You can make nginx ignore client aborts using:
location / {
proxy_ignore_client_abort on;
}
I had the same problem while setting up an Ubuntu server. Turns out I was having the problem due to incorrect permissions on socket file.
If you are having the problem due to a permission problem, you can uncomment the following lines from: /etc/php5/fpm/pool.d/www.conf
listen.owner = www-data
listen.group = www-data
listen.mode = 0660
Alternatively, although I wouldn't recommend, you can give read and write permissions to all groups by using the following command.
sudo chmod go+rw /var/run/php5-fpm.sock
Try disabling the xcache or apc modules. Seems to cause a problem with some versions are saving objects to a session variable.
Hope this tip will save someone else's life. In my case the problem was that I ran out of memory, but only slightly, was hard to think about it. Wasted 3hrs on that. I recommend running:
sudo htop
or
sudo free -m
...along with running problematic requests on the server to see if your memory doesn't run out. And if it does like in my case, you need to create a swap file (unless you already have one).
I have followed this tutorial to create swap file on Ubuntu Server 14.04 and it worked just fine:
http://www.cyberciti.biz/faq/ubuntu-linux-create-add-swap-file/
If you're on Ubuntu, and all of the above has failed you, AppArmor is most likely to blame.
Here is a good guide how to fix it: https://www.digitalocean.com/community/tutorials/how-to-create-an-apparmor-profile-for-nginx-on-ubuntu-14-04
Long story short:
vi /etc/apparmor.d/nginx
Or
sudo aa-complain nginx
sudo service nginx restart
See everything working nicely... then
sudo aa-logprof
I still had problems with Nginx not being able to read error.log, even though it had all the permissions possible, including in Apparomor. I'm guessing it's got something to do with the order of the entries, or some interaction with Passenger or PHP-Fpm... I've run out of time to troubleshoot this and have gone back to Apache for now. (Apache performs much better too FYI.)

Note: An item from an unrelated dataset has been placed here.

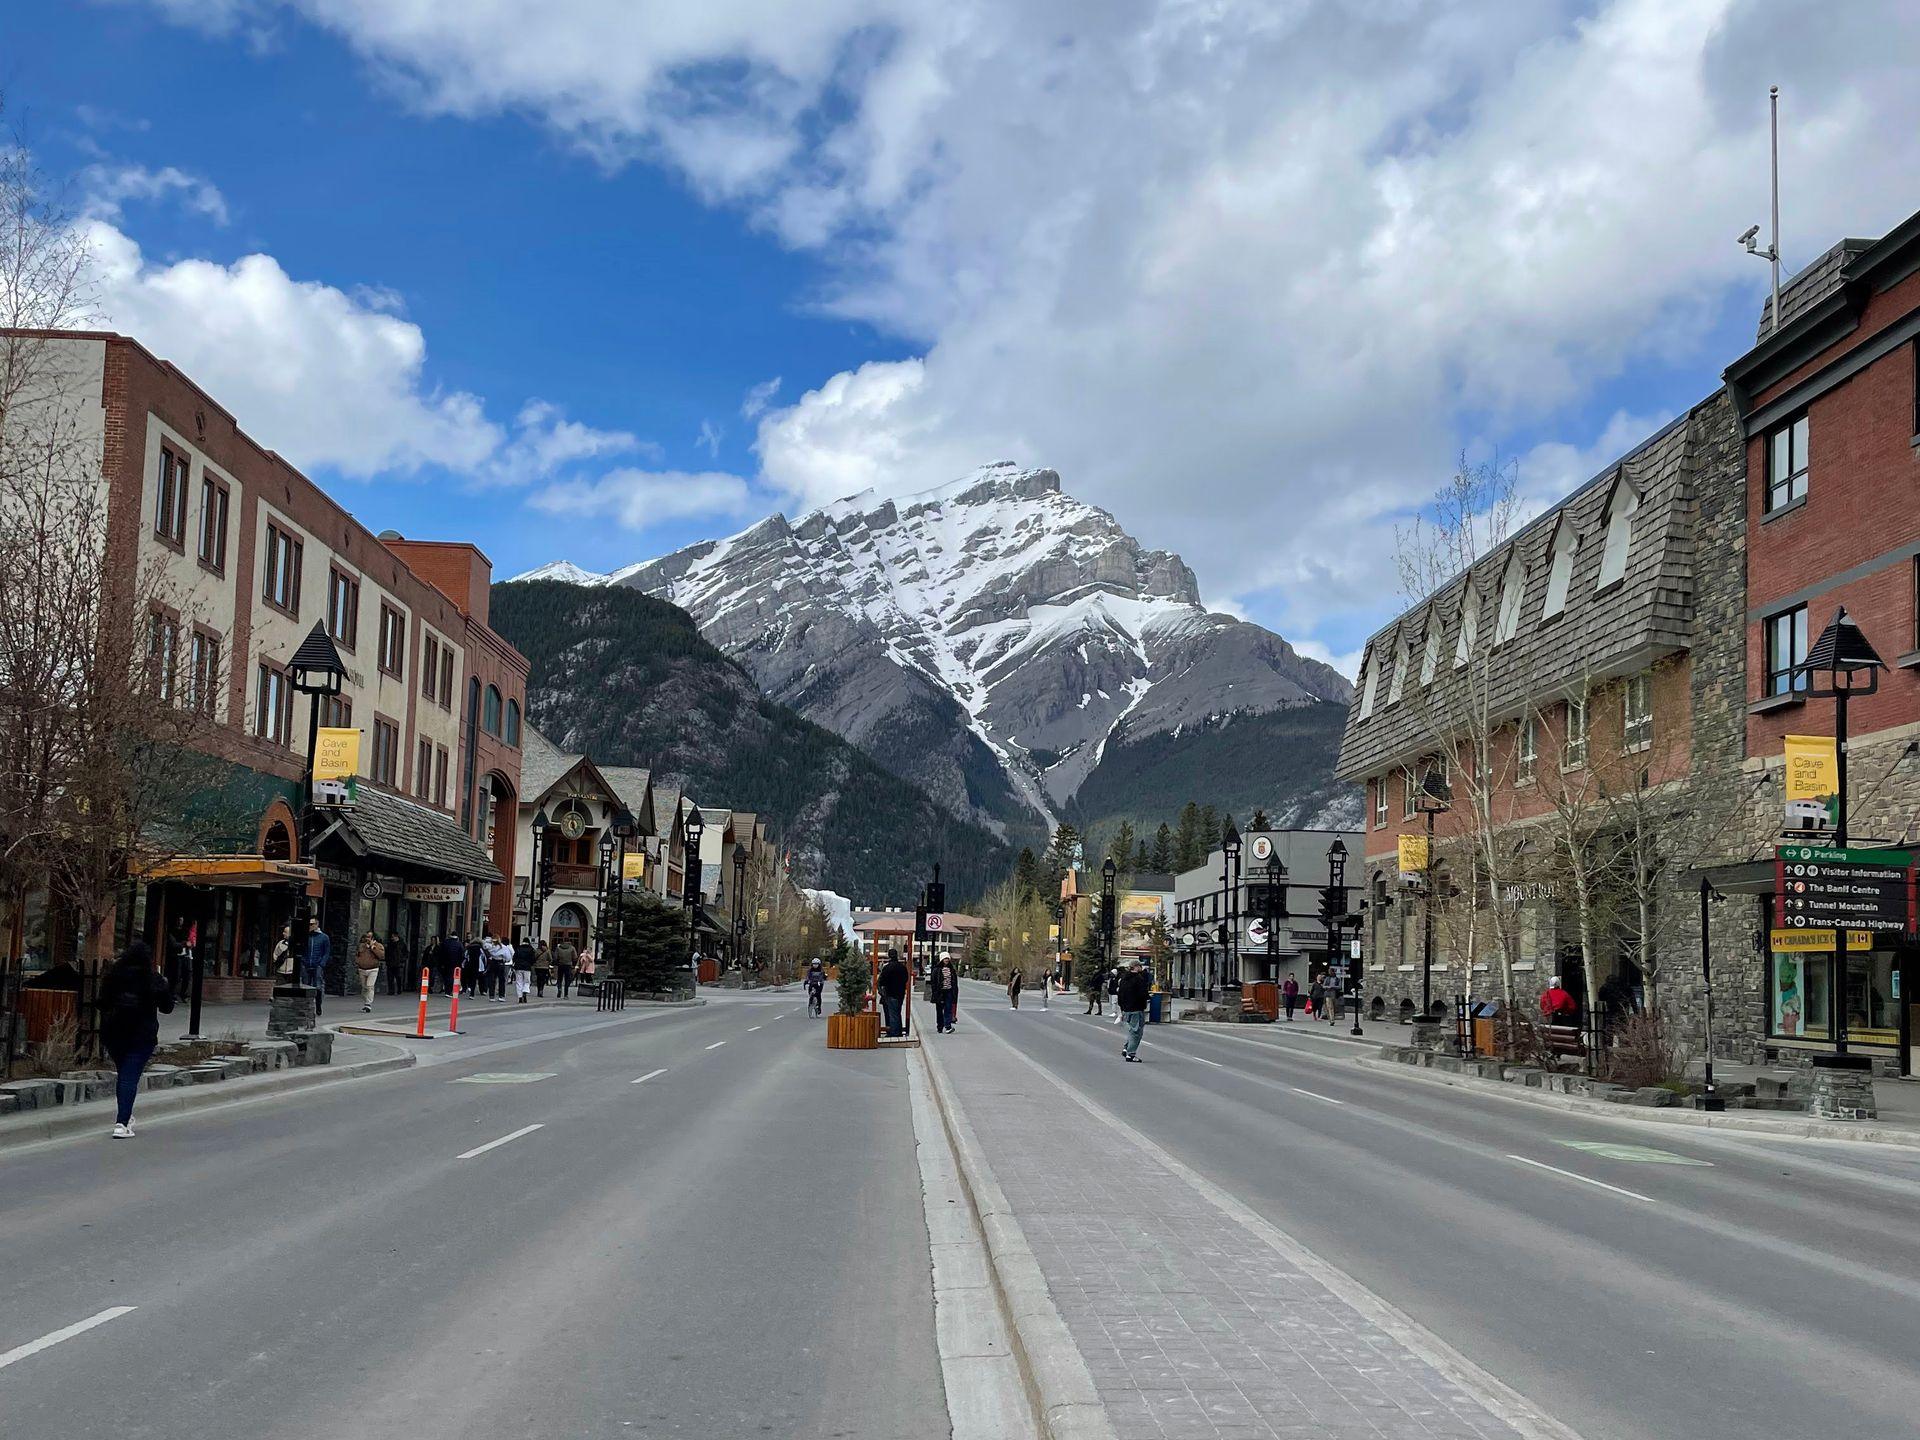 The main street of downtown Banff. There are shops and restaurants on either side a large mountain in the center.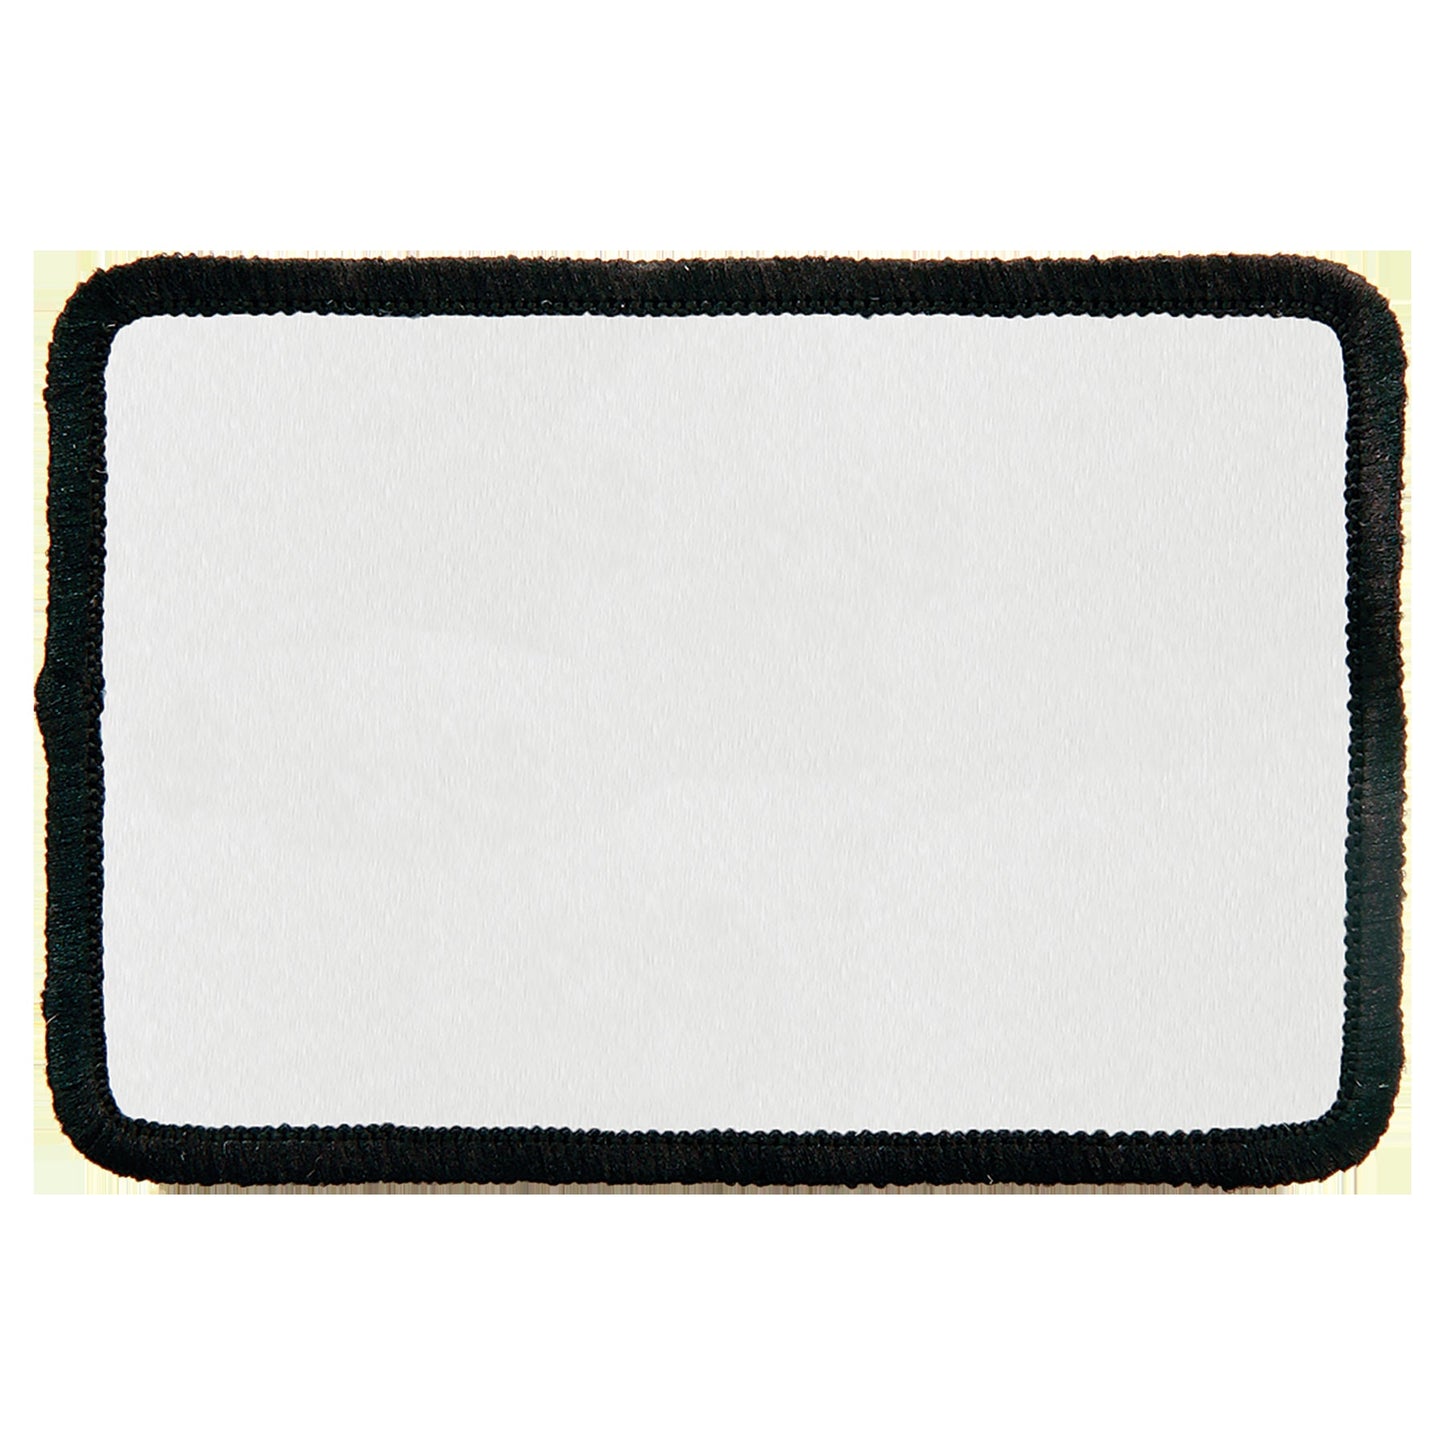 Sublimation blank patches

AppArmor just lets Nginx do whatever it wants if you just remove the profile:
rm /etc/apparmor.d/nginx
service apparmor reload
Shockingly, but hardly surprising, a lot of posts on fixing Nginx errors resorts to completely disabling SELinux or removing AppArmor. That's a bad idea because you lose protection from a whole lot of software. Just removing the Nginx profile is a better way to troubleshoot your config files. Once you know that the problem isn't in your Nginx config files, you can take the time to create a proper AppArmor profile.
Without an AppArmor profile, especially if you run something like Passenger too, I give your server about a month to get backdoored.
For me the error was in default file of Nginx
located at /etc/nginx/sites-available/default
I noticed the version of php-fpm used was 7.0 and the php version i downloaded was 7.2
I simply changed the version to 7.2 and it worked.
fastcgi_pass unix:/var/run/php/php7.0-fpm.sock;
Similar setup here and looks like it was just a bug in my code. At the start of my app I looked for the offending URL and this worked: echo '<html>test</html>'; exit();
In my case, turns out the problem was an uninitialized variable that only failed under peculiar circumstances.